Normalization for text tokenization (3.7)

Chapter 3.7 of the whale book.

>>> raw = """'When I'M a Duchess, 'she said to herself, (not in a very hopeful
... tone though), 'I wont't have any pepper in my kitchen AT ALL. Soup does very 
... well without--Maybe it's always pepper that makes people hot-tempered,'..."""
>>> re.split(r' ', raw)
["'When", "I'M", 'a', 'Duchess,', "'she", 'said', 'to', 'herself,', '(not', 'in', 'a', 'very', 'hopeful\ntone', 'though),', "'I", "wont't", 'have', 'any', 'pepper', 'in', 'my', 'kitchen', 'AT', 'ALL.', 'Soup', 'does', 'very\nwell', 'without--Maybe', "it's", 'always', 'pepper', 'that', 'makes', 'people', "hot-tempered,'..."]

This is simply to split by space( ), but it is not enough. For example, return code(\n) was included.

These two examples, I got the same results.

>>> re.split(r'[ \t\n]+', raw)
["'When", "I'M", 'a', 'Duchess,', "'she", 'said', 'to', 'herself,', '(not', 'in', 'a', 'very', 'hopeful', 'tone', 'though),', "'I", "wont't", 'have', 'any', 'pepper', 'in', 'my', 'kitchen', 'AT', 'ALL.', 'Soup', 'does', 'very', 'well', 'without--Maybe', "it's", 'always', 'pepper', 'that', 'makes', 'people', "hot-tempered,'..."]
>>> re.split(r'\s+', raw)
["'When", "I'M", 'a', 'Duchess,', "'she", 'said', 'to', 'herself,', '(not', 'in', 'a', 'very', 'hopeful', 'tone', 'though),', "'I", "wont't", 'have', 'any', 'pepper', 'in', 'my', 'kitchen', 'AT', 'ALL.', 'Soup', 'does', 'very', 'well', 'without--Maybe', "it's", 'always', 'pepper', 'that', 'makes', 'people', "hot-tempered,'..."]
>>>

I can easily imagine '\t' means tab and '\n' is return code. "\s" is already reserved for group of these characters.

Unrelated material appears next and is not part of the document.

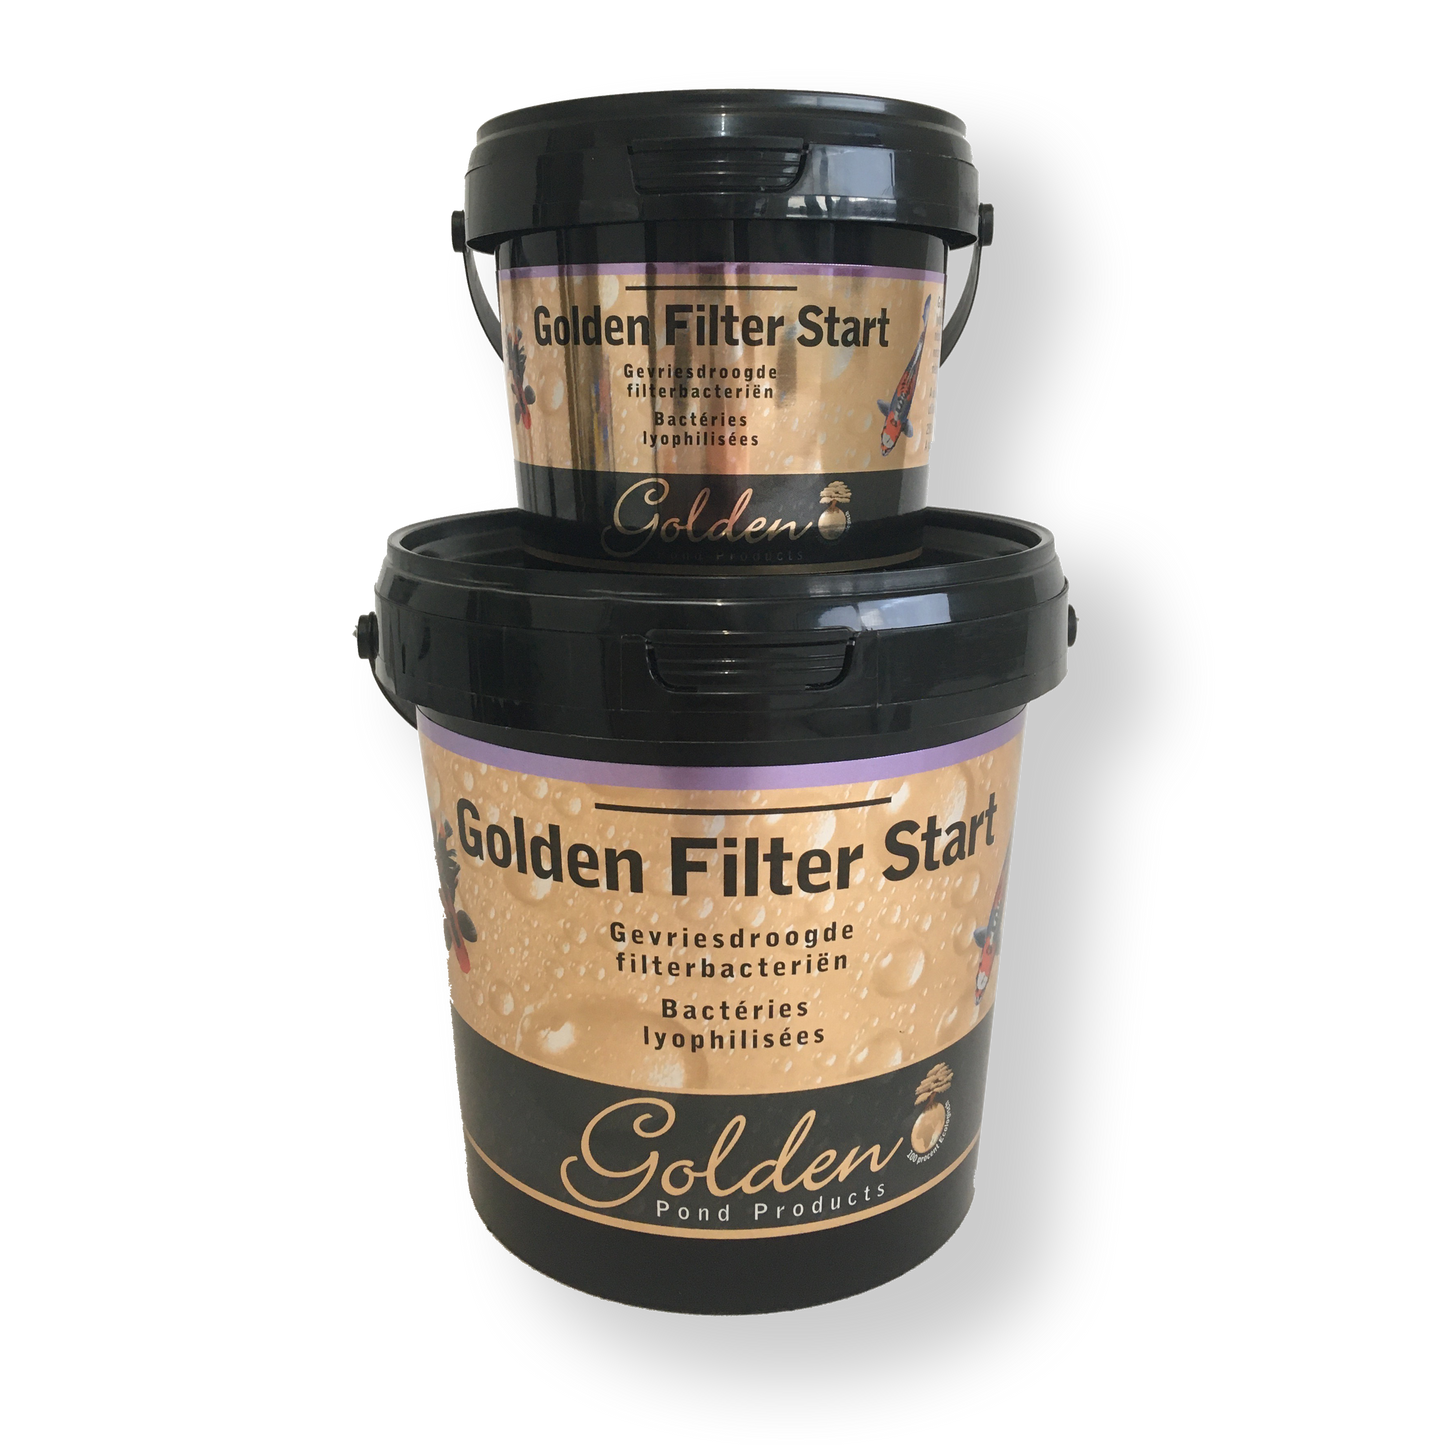 Golden Filter Start

In this context \w is same meaning of [a-zA-Z0-9_]. /W(upper case) means all chars except \w.

>>> re.split(r'\W+', raw)
['', 'When', 'I', 'M', 'a', 'Duchess', 'she', 'said', 'to', 'herself', 'not', 'in', 'a', 'very', 'hopeful', 'tone', 'though', 'I', 'wont', 't', 'have', 'any', 'pepper', 'in', 'my', 'kitchen', 'AT', 'ALL', 'Soup', 'does', 'very', 'well', 'without', 'Maybe', 'it', 's', 'always', 'pepper', 'that', 'makes', 'people', 'hot', 'tempered', '']
>>>

By this, 'wont't' (it's my typo...) was split into 'wont' and 't'. We should be able to know the reason why '' are inserted at the beginning and the end using this.

>>> 'xx'.split('x')
['', '', '']
>>> re.findall(r'\w+', raw)
['When', 'I', 'M', 'a', 'Duchess', 'she', 'said', 'to', 'herself', 'not', 'in', 'a', 'very', 'hopeful', 'tone', 'though', 'I', 'wont', 't', 'have', 'any', 'pepper', 'in', 'my', 'kitchen', 'AT', 'ALL', 'Soup', 'does', 'very', 'well', 'without', 'Maybe', 'it', 's', 'always', 'pepper', 'that', 'makes', 'people', 'hot', 'tempered']

In the example above, some meaningful symbols like apostrophe(') and dash(-) are removed. The reason is that '/w' contains only alphabets, numbers and underscore(_).

This one adjusts conditions a little. The new condition is "\w+ or \S\w*". "\S" means all non-space characters(=[^ \t\n\r\f\v]). By this change, non-space chars or non-space chars plus normal chars(alphabet, numbers) are recongnized as one tokens.

>>> re.findall(r'\w+|\S\w*', raw)
["'When", 'I', "'M", 'a', 'Duchess', ',', "'she", 'said', 'to', 'herself', ',', '(not', 'in', 'a', 'very', 'hopeful', 'tone', 'though', ')', ',', "'I", 'wont', "'t", 'have', 'any', 'pepper', 'in', 'my', 'kitchen', 'AT', 'ALL', '.', 'Soup', 'does', 'very', 'well', 'without', '-', '-Maybe', 'it', "'s", 'always', 'pepper', 'that', 'makes', 'people', 'hot', '-tempered', ',', "'", '.', '.', '.']

However, I can still see some non-natural expressions above like '-Maybe' or '-tempered'. This one enables to find words like word plus - or ' plus word as well.

>>> print re.findall(r"\w+(?:[-']\w+)*|'|[-.(]+|\S\w*", raw)
["'", 'When', "I'M", 'a', 'Duchess', ',', "'", 'she', 'said', 'to', 'herself', ',', '(', 'not', 'in', 'a', 'very', 'hopeful', 'tone', 'though', ')', ',', "'", 'I', "wont't", 'have', 'any', 'pepper', 'in', 'my', 'kitchen', 'AT', 'ALL', '.', 'Soup', 'does', 'very', 'well', 'without', '--', 'Maybe', "it's", 'always', 'pepper', 'that', 'makes', 'people', 'hot-tempered', ',', "'", '...']

NLTK tokenizer sample.

>>> text = 'That U.S.A. poster-print costs $12.40...'
>>> pattern = r'''(?x)  #set flag to allow verbose reqexps
...     ([A-Z]\.)+      #abbreviations, e.g. U.S.A.
...     | \w+(-\w+)*    #words with optional internal hyphens
...     | \$?\d+(\.\d+)?%?      #currency and percentages, e.g. $12.40, 82%
...     | \.\.\.        #ellipsis
...     | [][.,;"'?():-_`]      #these are separate tokens
... '''
>>> nltk.regexp_tokenize(text, pattern)
['That', 'U.S.A.', 'poster-print', 'costs', '$12.40', '...']
>>>